The couple spent three months living in Lawton, Oklahoma for Don's training as an artillery officer, followed by two years living abroad in Germany while Don served as an atomic warhead advisor with NATO. In 1971, Jeannett was nominated for Military Wife of the Year by the 5th U.S. Army Artillery Group (USAAG), located in Büren, Westphalia. During that posting, she served as the education advisor sponsored by the University of Maryland.

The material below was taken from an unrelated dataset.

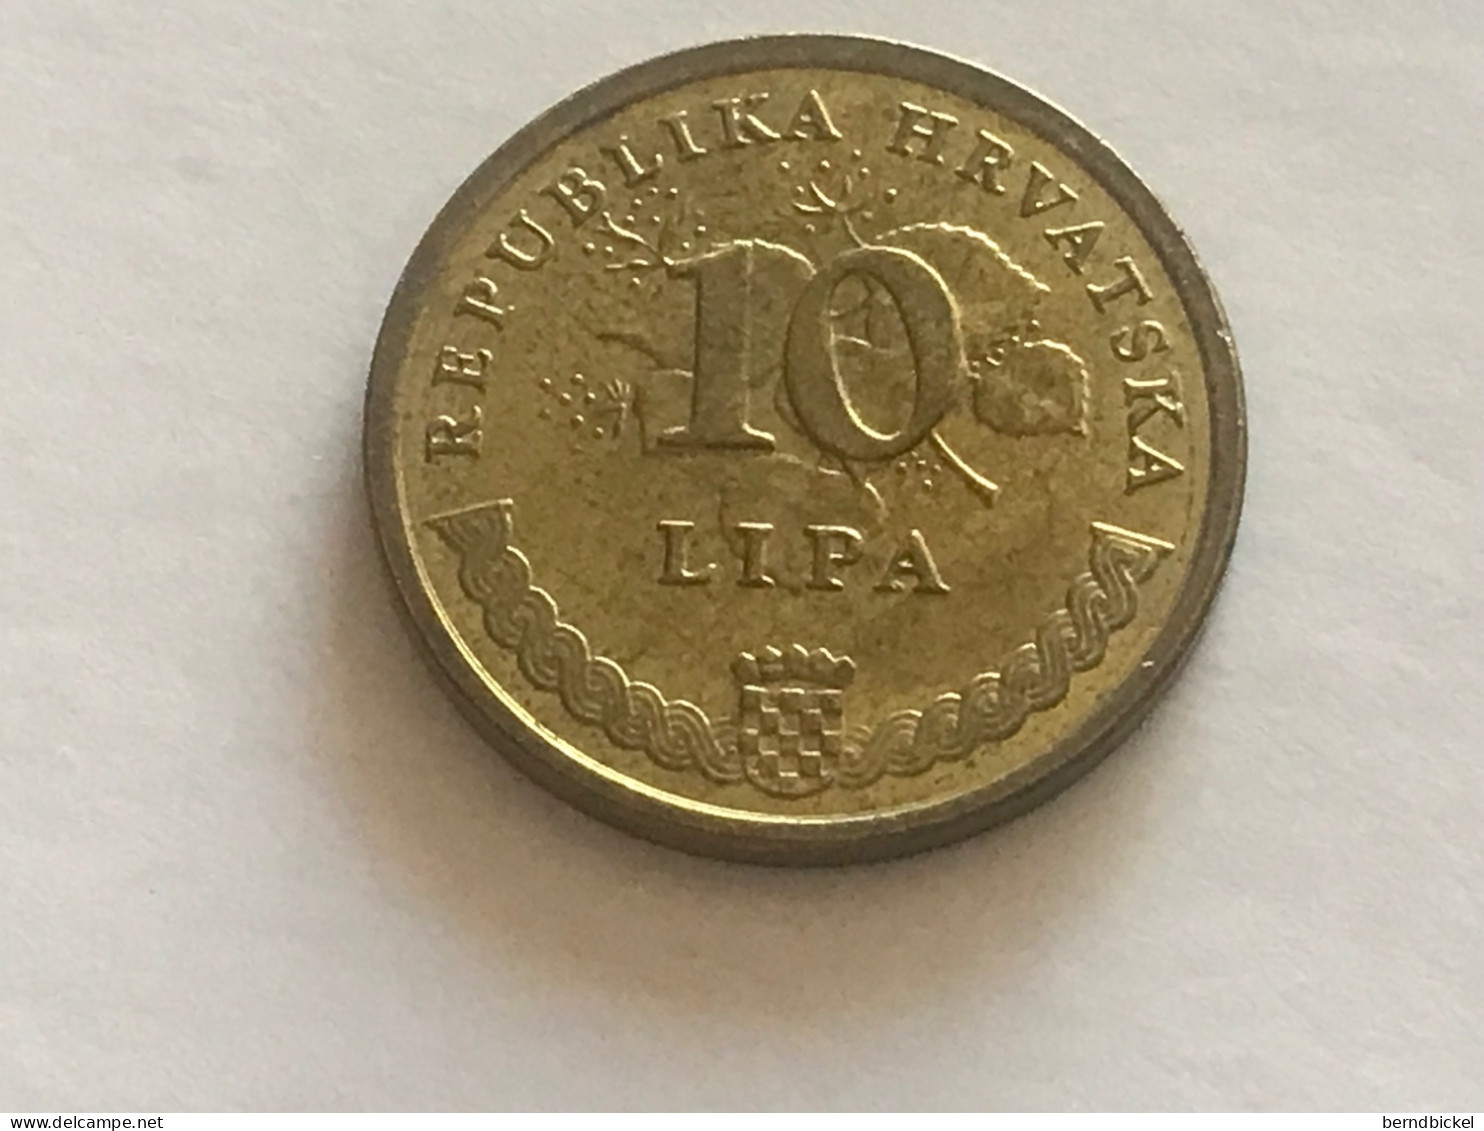 Münze Münzen Umlaufmünze Kroatien 10 Lipa 2015 - Croatia

Upon returning to the United States, the Slesnicks were briefly stationed at Fort Gordon, Georgia, until Don Slesnick went to serve in the Vietnam War, during which Jeannett would complete her bachelor's degree at the University of Florida, graduating in 1972. That same year, upon the completion of Don's tour of duty, the Slesnicks moved to Coral Gables, bought their first home, and Jeannett gave birth to their first child, Kathleen.

==Professional career==

Professionally, Slesnick developed a successful practice as a leading South Florida realtor. Slesnick specialized in the Coral Gables market, a historic planned community known for its Mediterranean architecture and affluent neighborhoods, and for being the most valuable real estate market in the United States after surpassing Beverly Hills and New York City in 2025. She began her career in 1975 working with Kerdyk Real Estate for nine years where she secured her realtor's license. She then went to work for EWM (Esslinger Wooten Maxwell) Realtors where she remained for over 25 years and became the firm's top producer in their Coral Gables office and further established herself in the field regionally.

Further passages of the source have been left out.